▶ [Stored data]
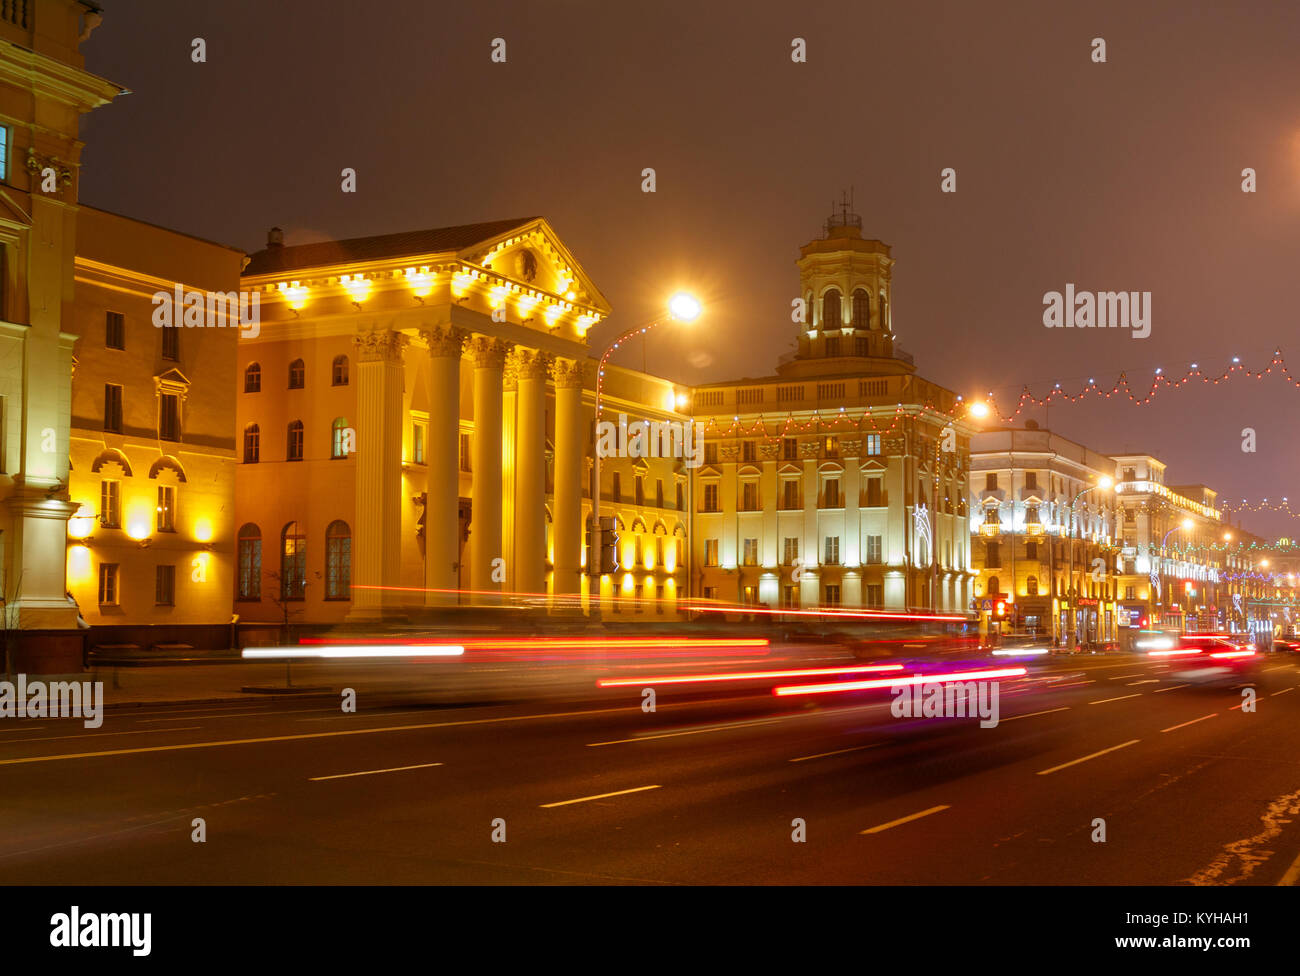 Sede centrale illuminato del membro del Comitato per la protezione della Repubblica di Bielorussia, il KGB bielorusso. Minsk, Bielorussia. Foto Stock
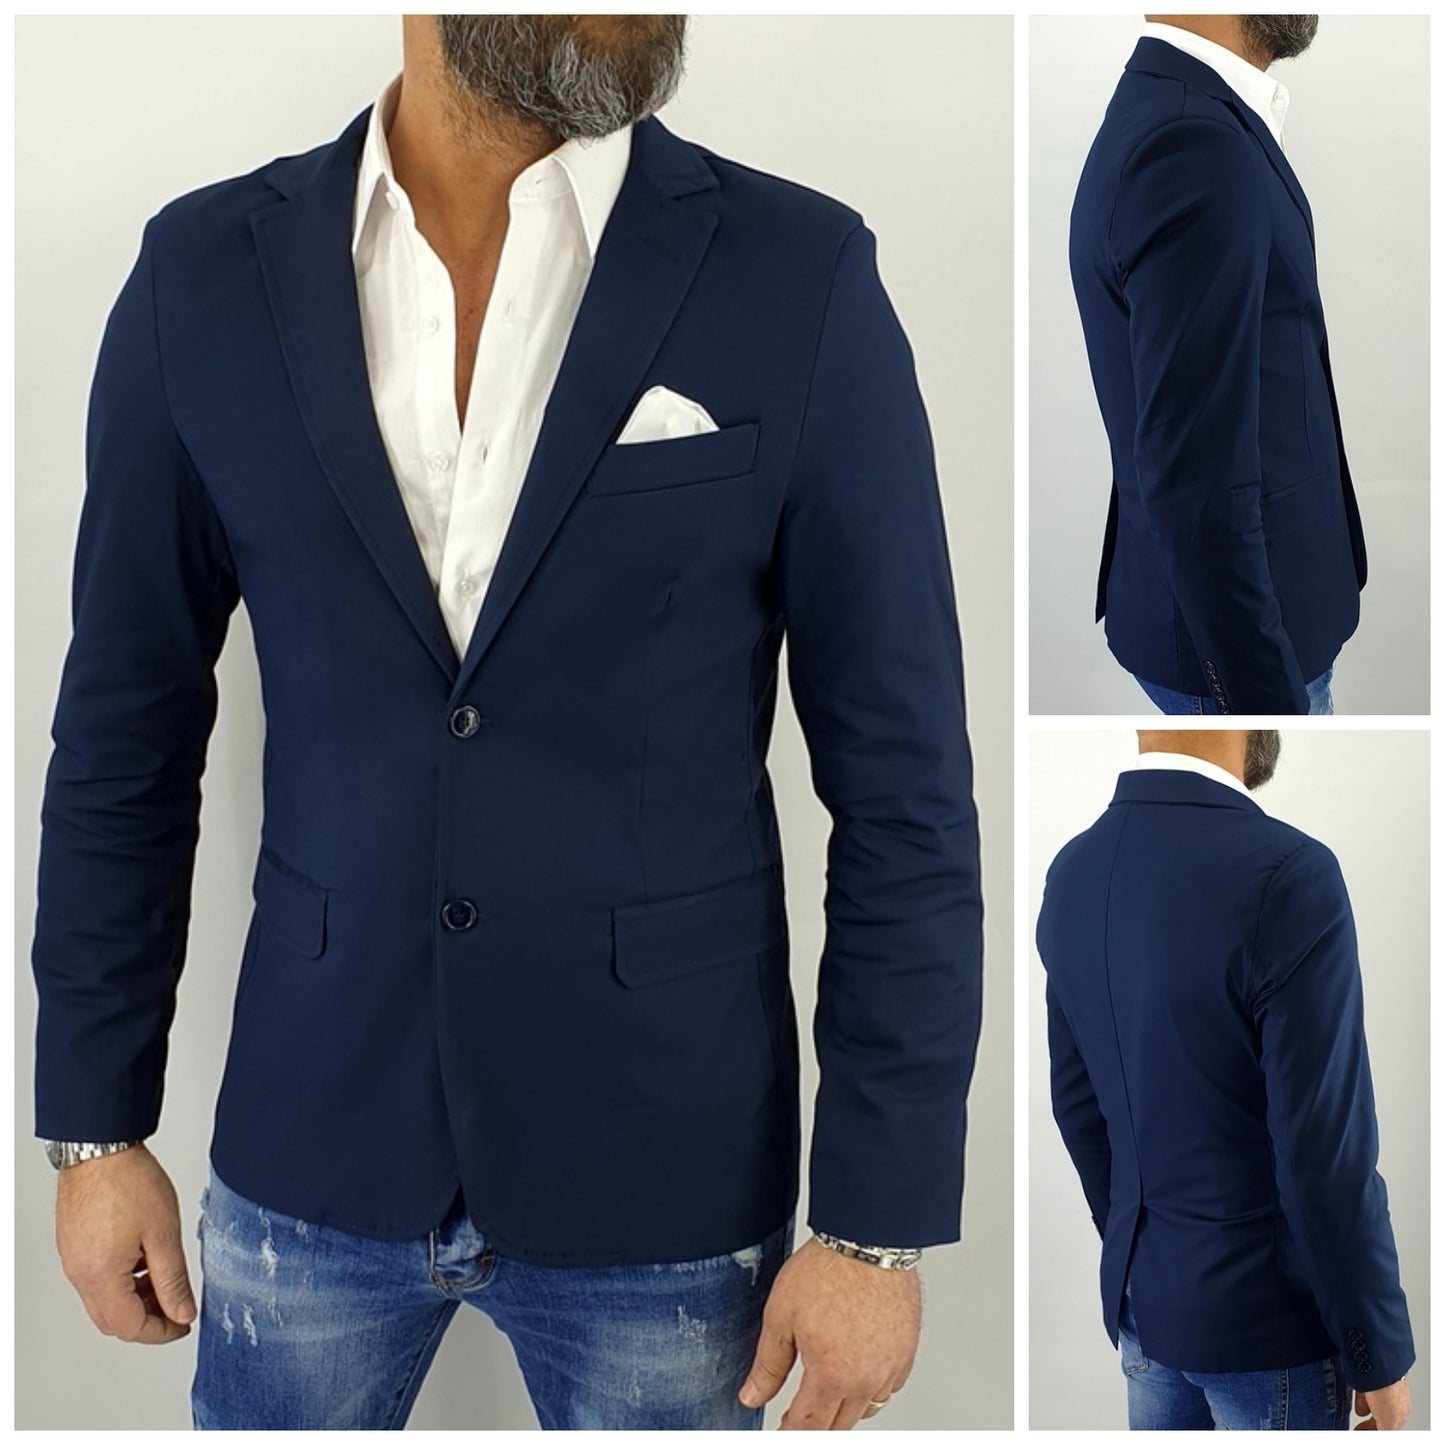 giacca uomo 2 bottoni blu cotone elastico pochette richiudibile s,m,l,xl,xxl
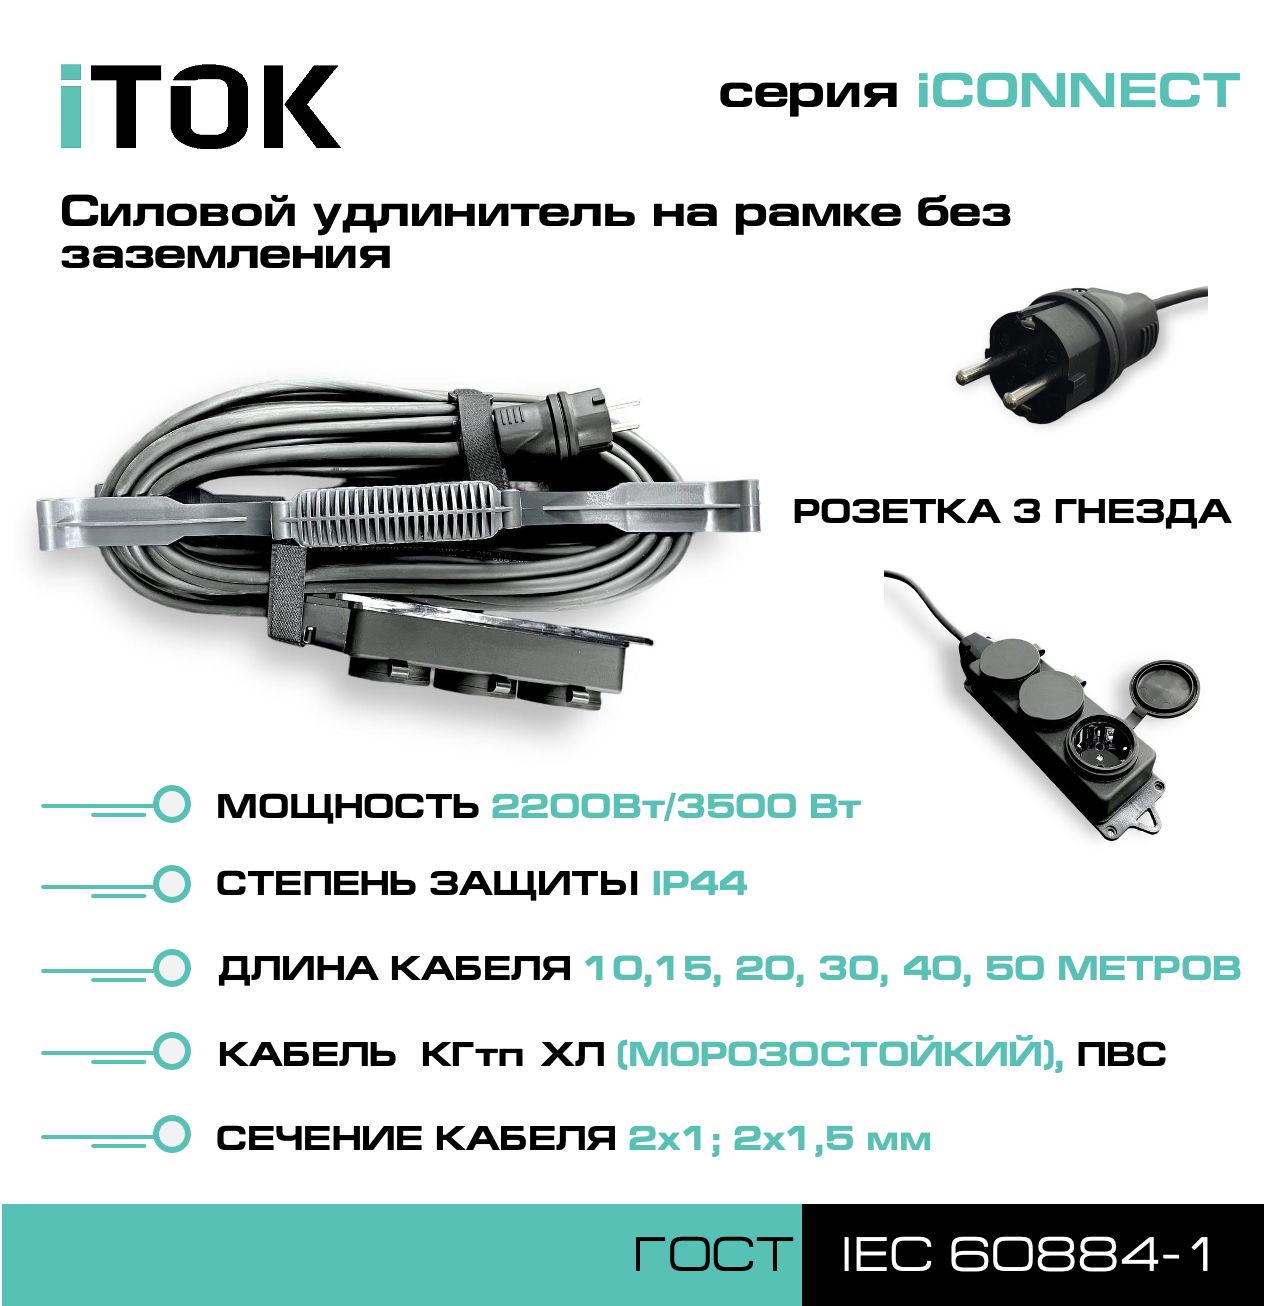 Удлинитель на рамке без земли серии iTOK iCONNECT КГтп-ХЛ 2х1,5 мм 3 гнезда IP44 40 м фигурный пазл в рамке
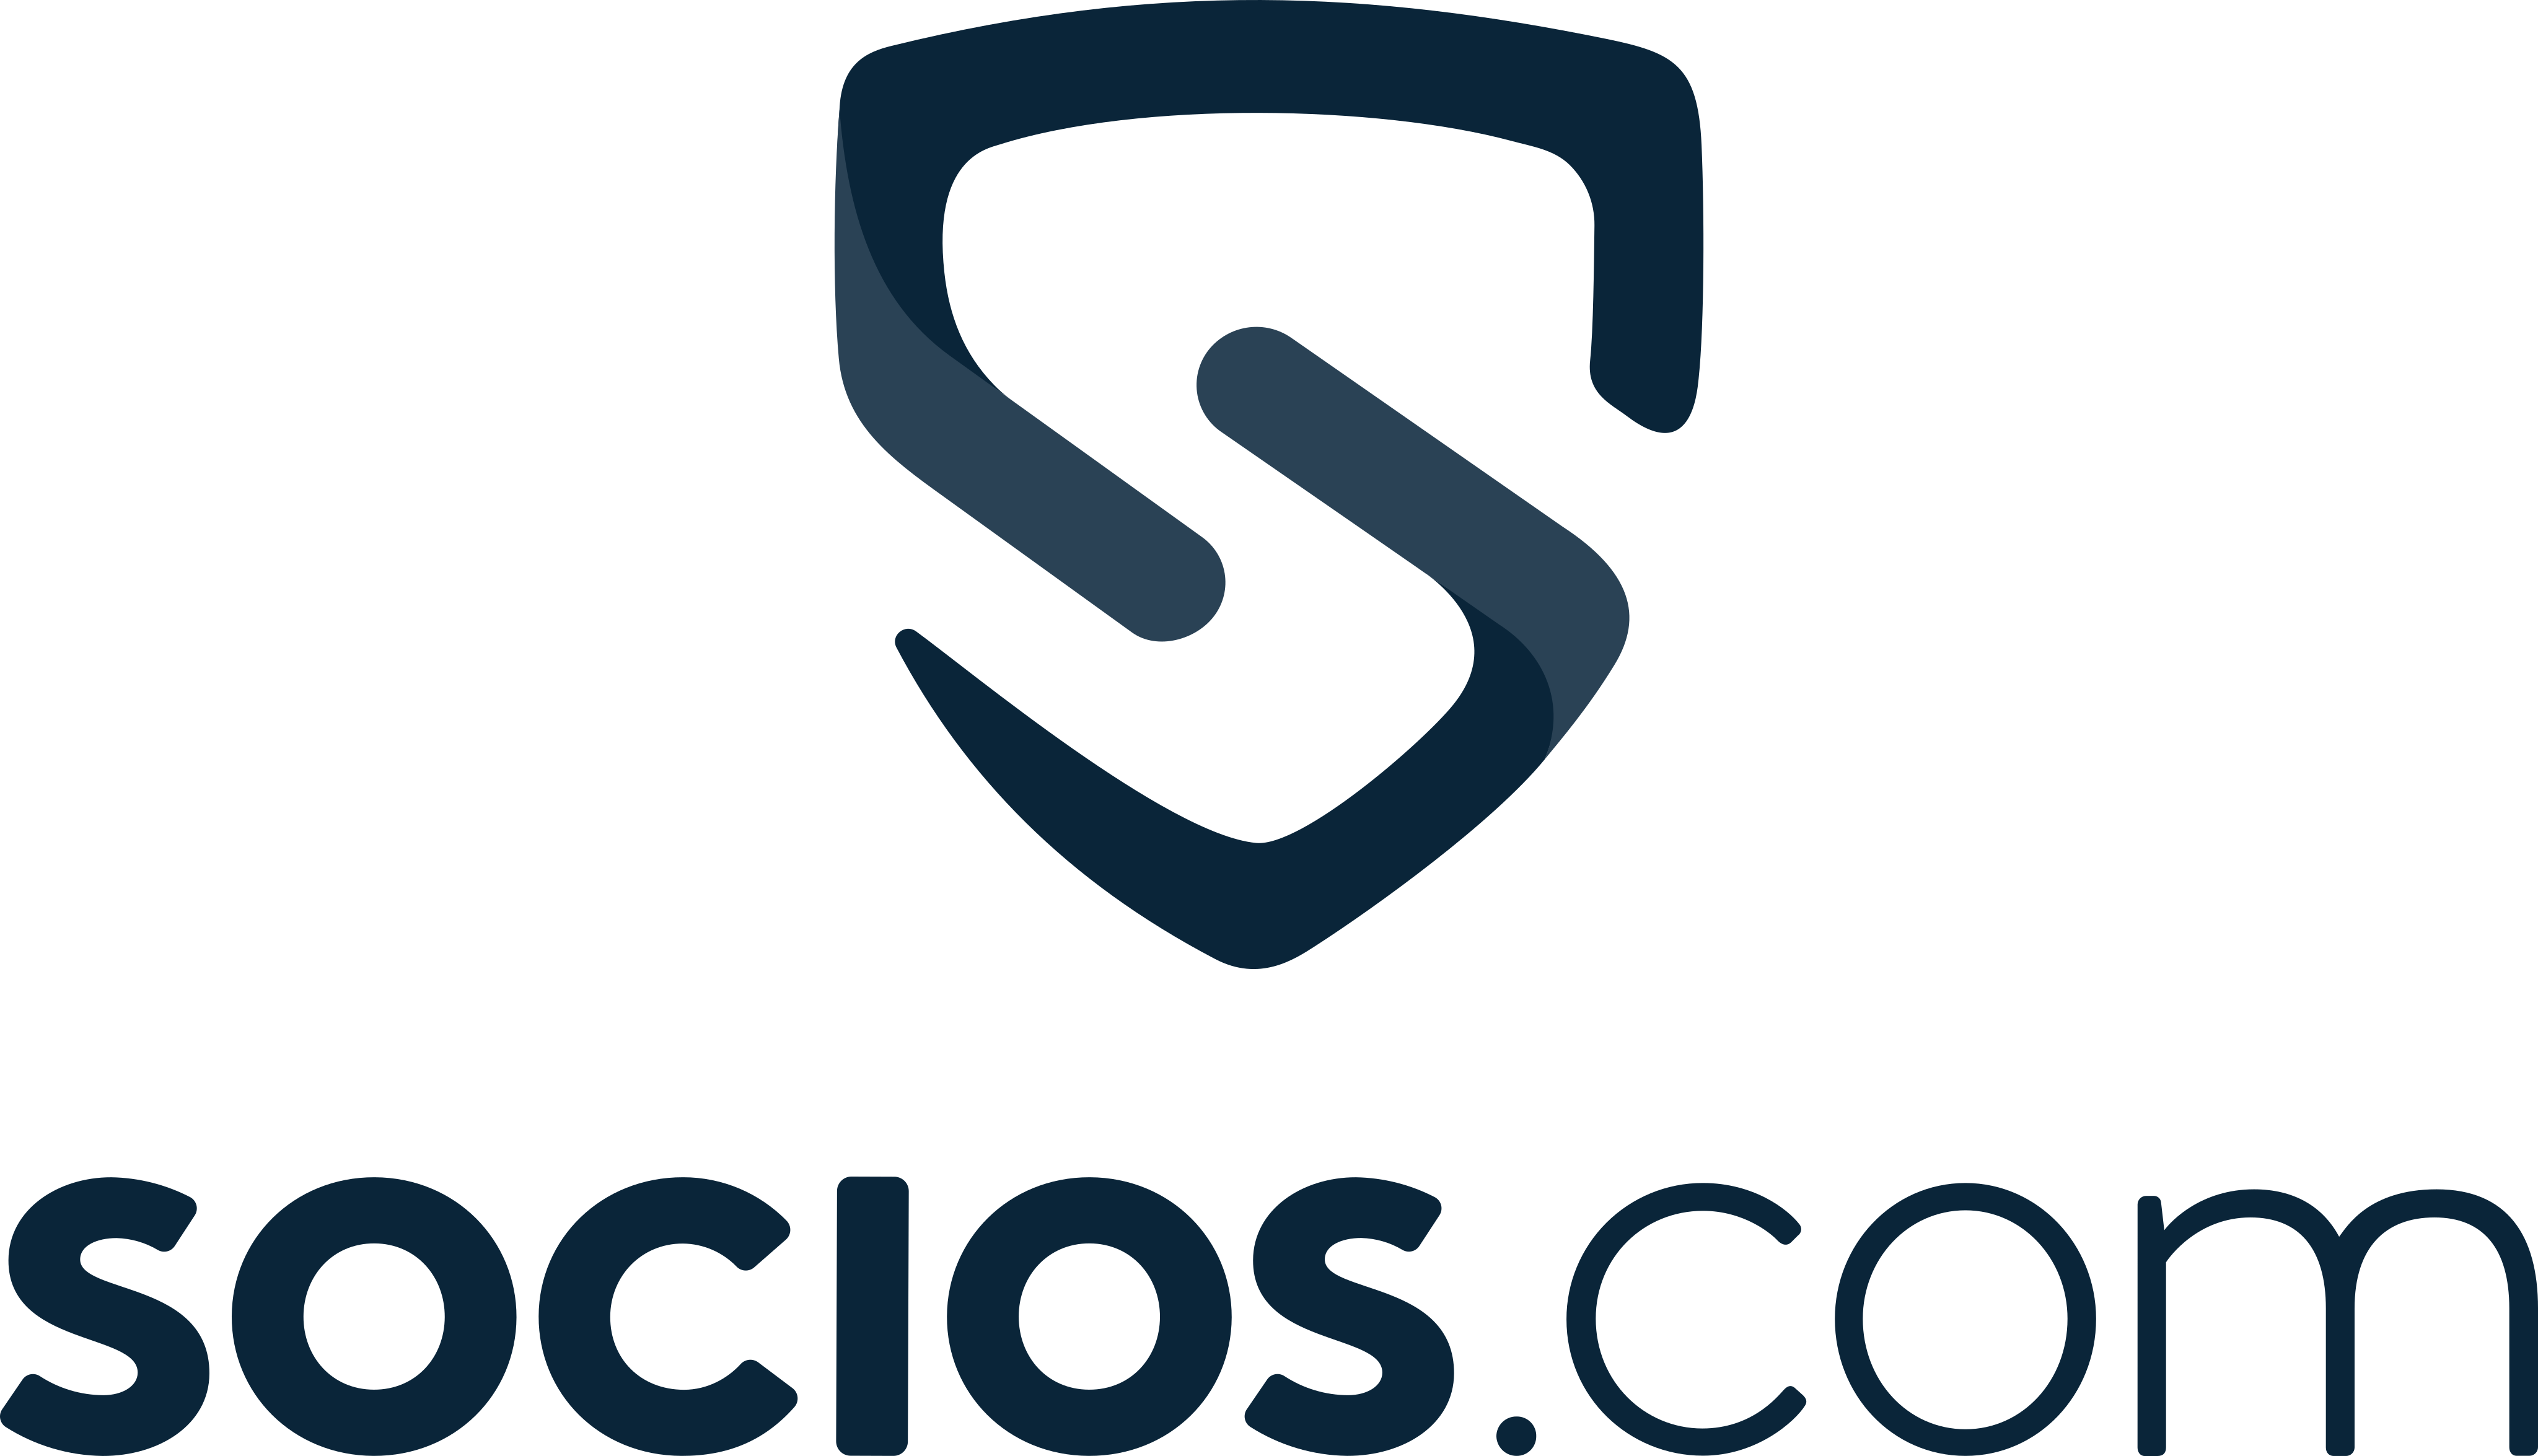 socios com logo 1 - Socios.com Logo

▶ [What is expected] When you write out the material above, keep every line exact and drop each picture.

▶ [Task output]
 Sede centrale illuminato del membro del Comitato per la protezione della Repubblica di Bielorussia, il KGB bielorusso. Minsk, Bielorussia. Foto Stock
 giacca uomo 2 bottoni blu cotone elastico pochette richiudibile s,m,l,xl,xxl
 Удлинитель на рамке без земли серии iTOK iCONNECT КГтп-ХЛ 2х1,5 мм 3 гнезда IP44 40 м фигурный пазл в рамке
 socios com logo 1 - Socios.com Logo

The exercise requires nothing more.